Kupala, by Kaska Gazdowna and Kaska Klas

A forest is almost always shrouded in mystery. It's dark, dangerous and mysterious. Even more so now that most of us live in cities, far removed from the natural world. The sheer volume of sounds and animal activity roaming in the woods at night seems supernatural.

Kupala tells the tale of a young boy who falls in love with a mysterious girl in the woods during Kupala, a summer solstice event in which the supernatural interacts with the world of the living. While the boy receives fair warning from his grandmother, he doesn't heed those warnings and returns every year to this mysterious woman until tragedy strikes. 

What struck me about this comic was how light the tone was considering the horror and violence with which the book ends. There was a sort of casualness to it all. The world is cruel and violent. Things in the woods will attack you. They'll eat your kayak. It's just the way the world is. Life is miserably bleak. It isn't just the distant past, but our present is just as bad. We may lie to ourselves and pretend there's light in this world, but it's delusional. In Kupala, love is dangerous. It brings with it a false hope that things will get better; that someone cares for us and wants us to be happy. This comic is a stark reminder that happiness is a construct yielding few good outcomes. The protagonist of Kupala will not have a happy ending and neither will any of us. We're all doomed. 

I really liked the art. It's pacing and layout was extremely competent. I liked how the artist used primarily black and white and a layer of black dots on white to create a gray colour. This mesh layer is expertly woven throughout to create depth, light and textures. For such a dark comic, the use of white made it seem quite bright. It doesn't play with colour as much as Violaine Briat's Neebo, but it is a solid comic. It does share with other comics in the box a sort of bleak view of the world, a dark vision of the world.
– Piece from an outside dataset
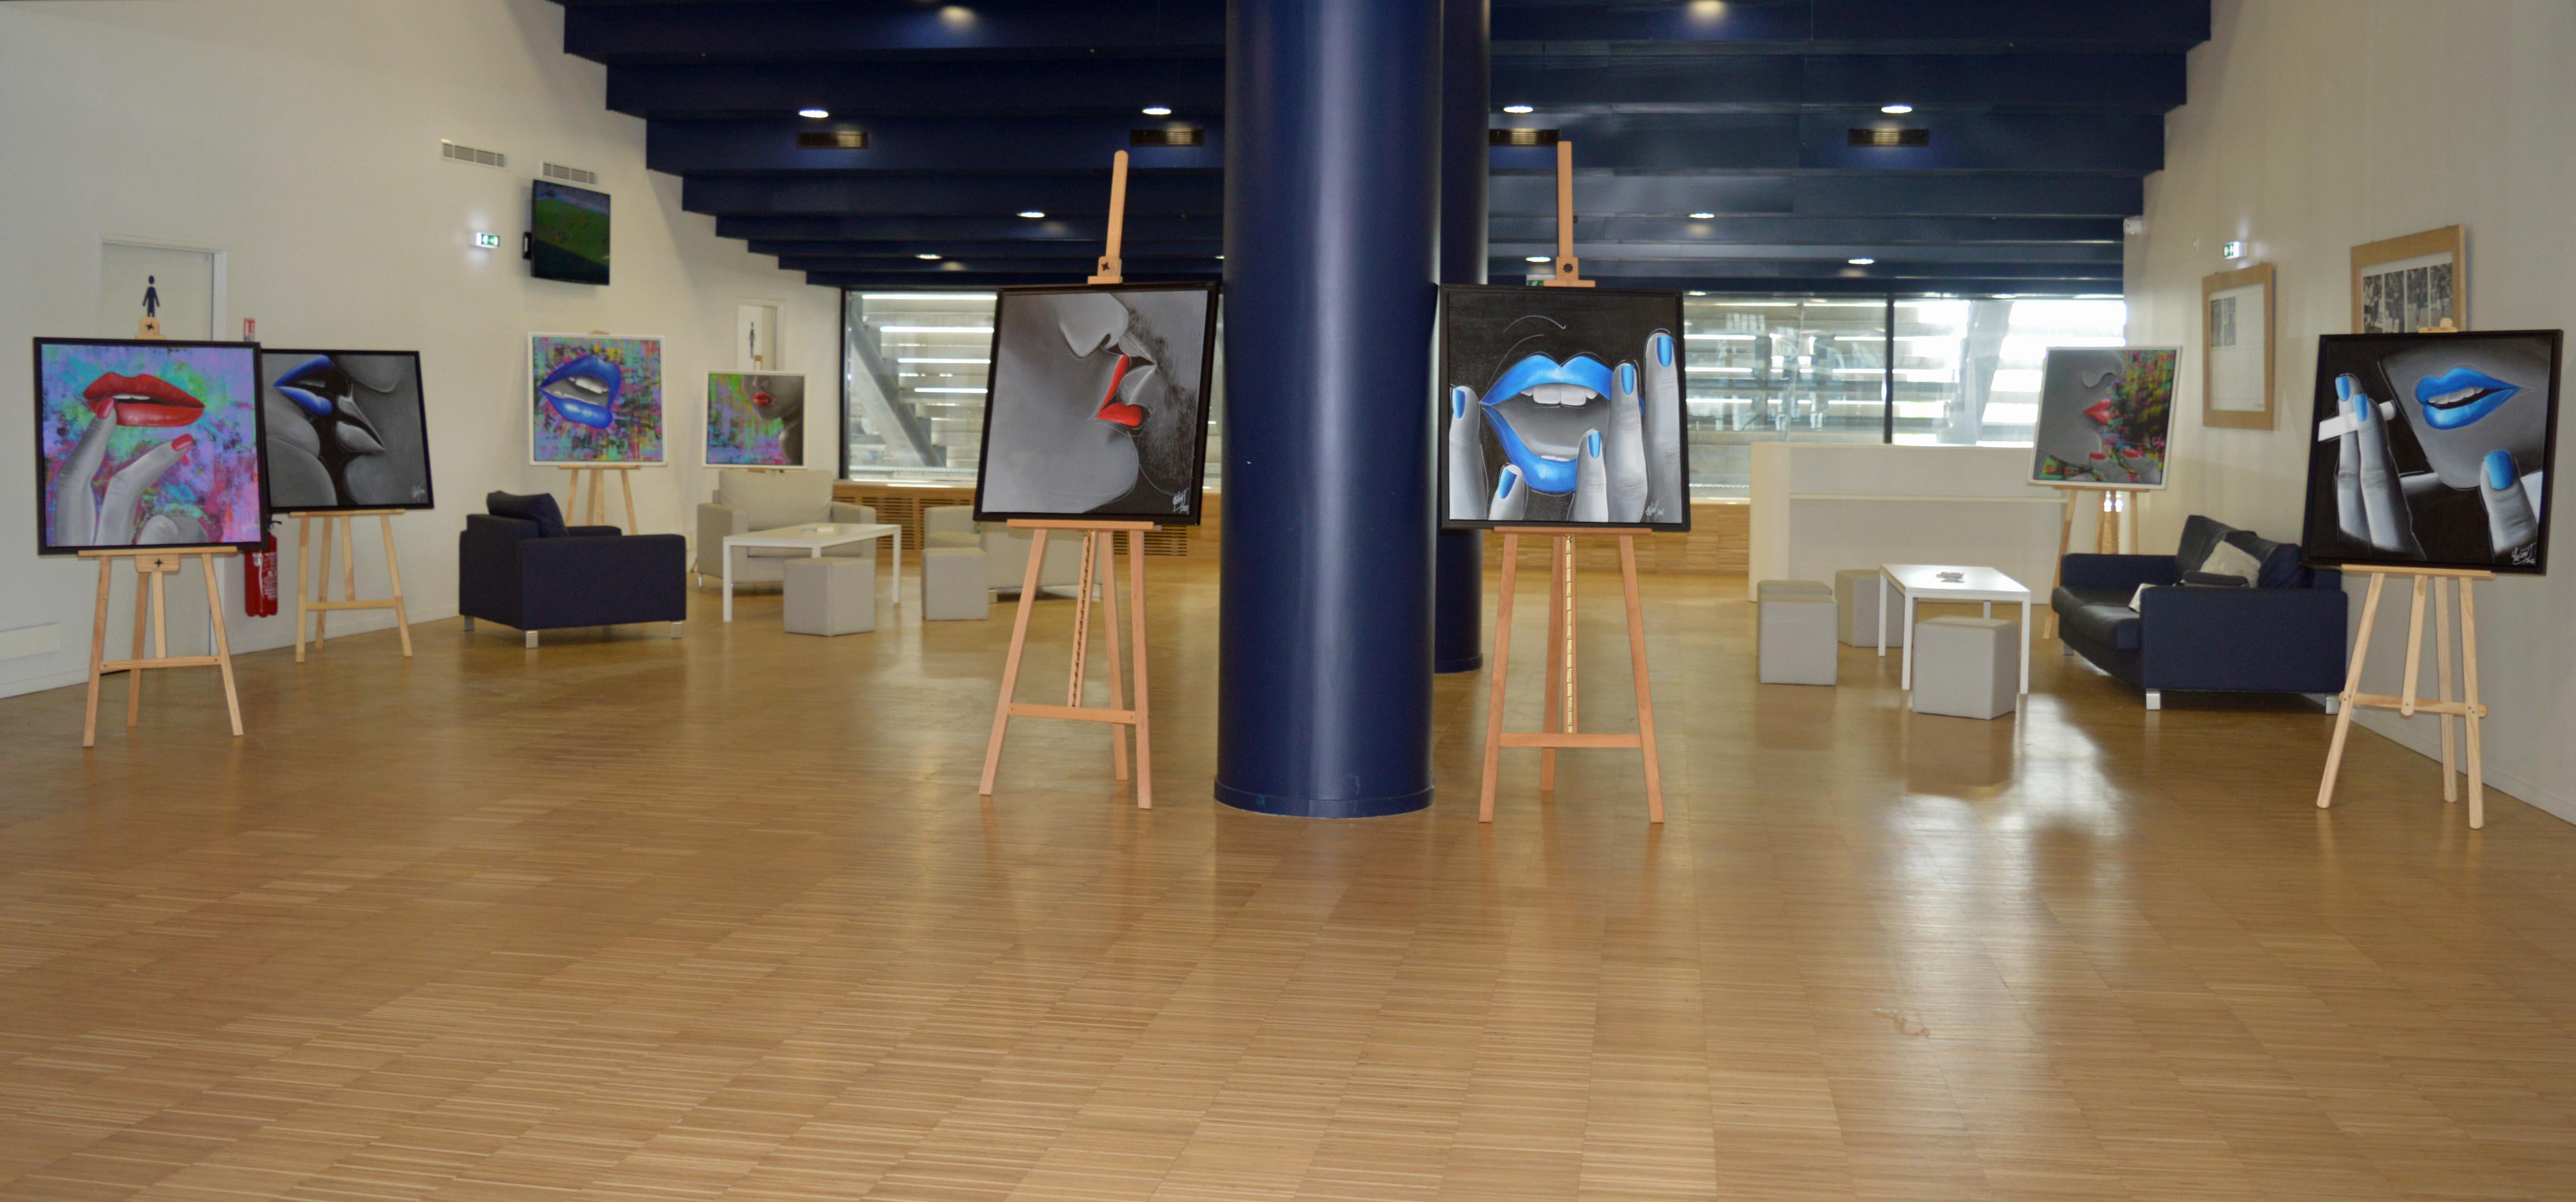 Expo au stade matmut atlantique girondins psg 11mai for Matmut salon

I really enjoyed this comic.


The REST, by Michael Deforge, Seo Kim, Ryan Cecil Smith & Zainab Akhtar

The latest batch of retrofit had a few extras, a print from Michael Deforge with his signature style. It reminded me of some stuff he’d done for his Ottawa art show exhibit “Dogs”. It looks great. There’s a sheet of bunnies and cats stickers from Seo Kim. I could care less about stickers, but I’m sure my son will make good use of it. Either in a few years when he can play with them, or maybe I’ll randomly use them to seal birthday card envelopes. Regardless, it’s always nice to see her art. I’ve been meaning to read Cat Person for a while, and this was a good reminder to look it up. My favorite concept of the box is possibly the contributors credit sheet. Designed by Ryan Cecil Smith, it’s a nice introduction to the artists showcased in the box. I thought it was a really neat idea. These comics are not made in a vacuum, they’re made by artists, people you may want to look into if you like their work. There’s also candies, which was sweet. I half expected some soft drink, the aforementioned cola, but I doubt a can of soft drink would travel well with paper. 

In conclusion

In conclusion, Shortbox was nothing short of phenomenal. I hope the trial run went well. It apparently sold out in an hour. I’m one of the lucky few who were able to get one out of pure luck given the time difference between the UK and Canada (my newborn son was awake and not falling asleep at the time and I just stumbled onto the open ordering time). I would encourage anyone who is even remotely interested in alternative comics to look into Shortbox. It probably was pricier than I expected, but I appreciated it nonetheless. I liked almost every single comic in the box, but it’s about more than the content, it’s also about the care and attention given to it. From the box itself to the colorful tape, to the candy in the box, and how the comics were wrapped. There’s all these little thing I didn’t focus on that really makes you understand the passion for comics that Zainab Akhtar has and she wants you to love the stuff in the box as much as she did. I’m looking forward to seeing what will be in the next box and, maybe I’ll be lucky enough to get one. Pre-ordering for box #2 starts Monday July 18th 2016.